The cryptocurrency industry has had a wild, peak-to-valley year. Case in point: The news today that Basis — one of Silicon Valley’s buzziest attempts to create an alternative to traditional currency — is shutting down.
Basis said it raised $133 million just this April from blue-chip venture capitalists like Andreessen Horowitz and Alphabet’s GV. That shocking amount of dough was meant to build a “stablecoin” — or a currency that would be insulated from inflation — and to try and prevent the price sensitivity that has bedeviled other cryptocurrencies.
But Basis felt the project would really only work if its tokens, or what Basis created to adjust the supply of its stablecoin and therefore keep its value relatively stable, wouldn’t be subject to U.S. securities laws. Regulators have been trying to assess whether to apply standard laws that govern things like stocks to digital assets like coins — and Basis said it was reading the tea leaves and predicting a crackdown.
“Unfortunately, having to apply US securities regulation to the system had a serious negative impact on our ability to launch Basis,” its CEO Nader Al-Naji wrote Thursday.
But at a bigger-picture level, this is a black eye for the entire cryptocurrency industry.
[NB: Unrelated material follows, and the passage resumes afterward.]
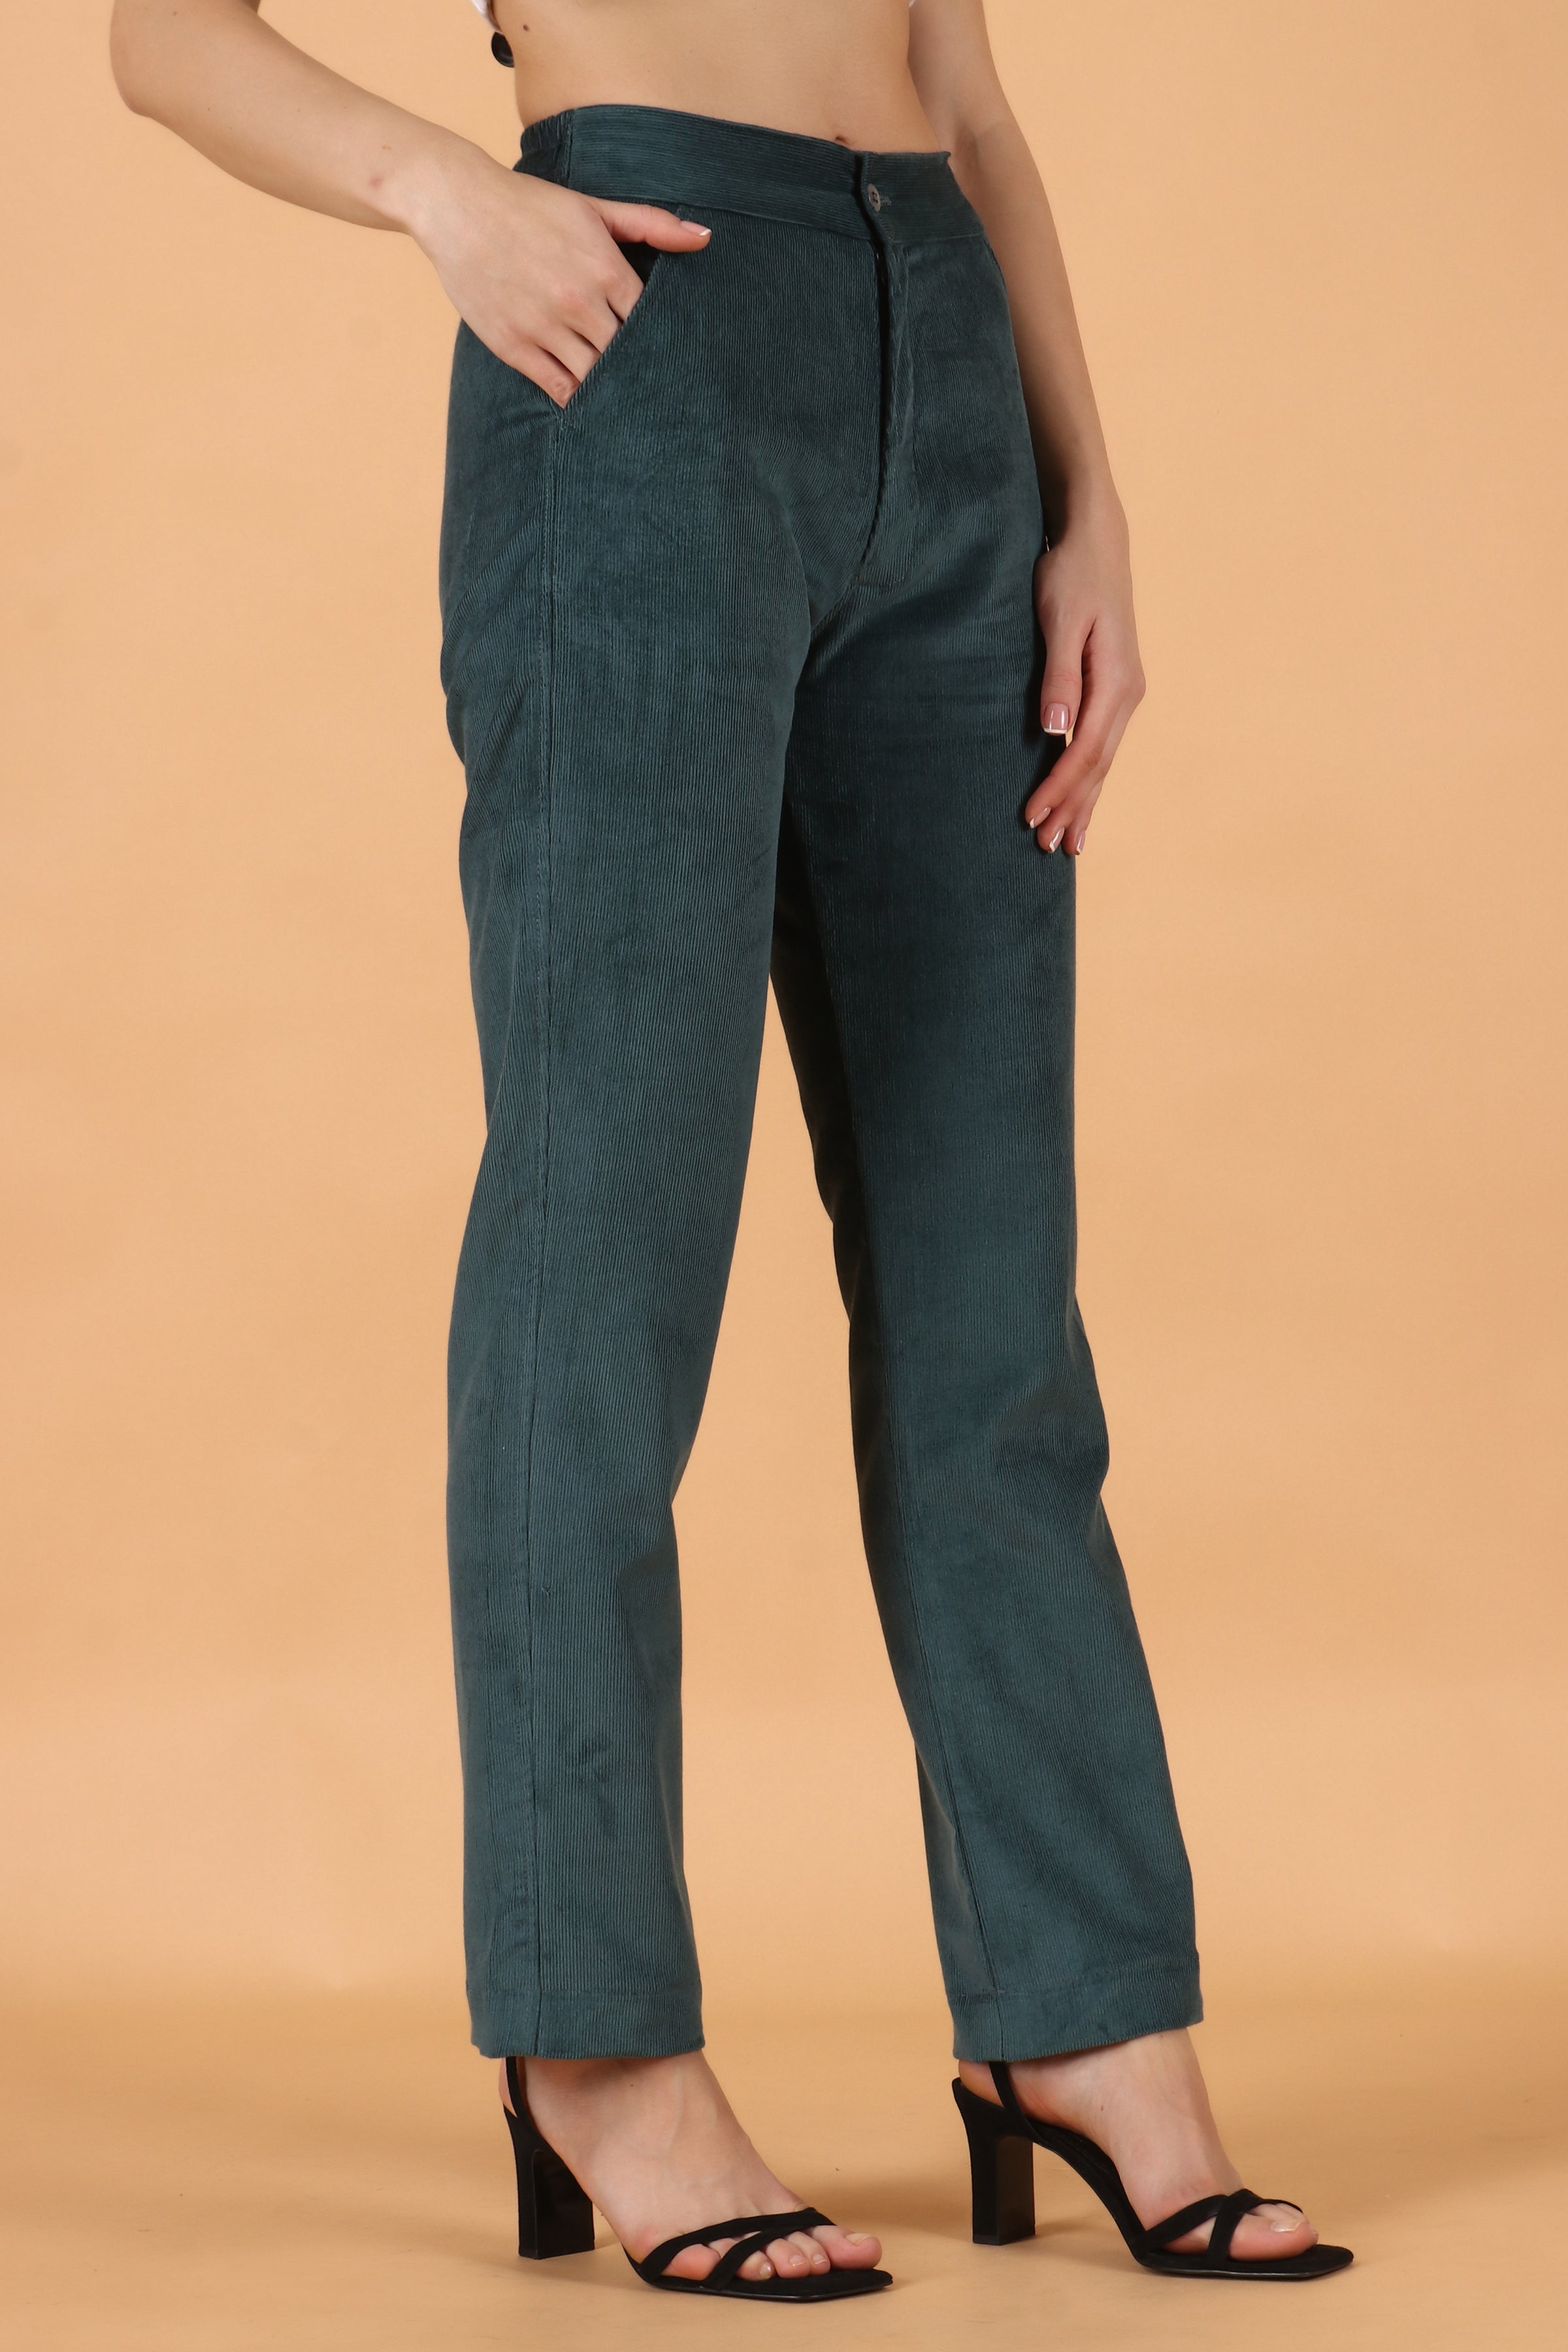 Buy Brown Corduroy Pants, High Waist Corduroy Pants Women, Loose Pants,  Casual Corduroy Pants, Plus Size Pants, Custom Pants C2432 Online in India  - Etsy

As the amount of money it raised makes clear, Basis was seen as being at the vanguard of the cryptocurrency revolution. And while the company says it is returning the money it raised to its investors, it’s nevertheless a very public stumble for its prestigious backers.
Of course, crypto investing — just like startup investing — produces lots of failures. That’s normal. But this particular failure also is a reminder why some Silicon Valley investors shied away from investing in crypto projects such as initial coin offerings in the first place: The regulatory landscape is just too uncertain to be able to predict much of anything.
Basis’ demise was first reported by The Block.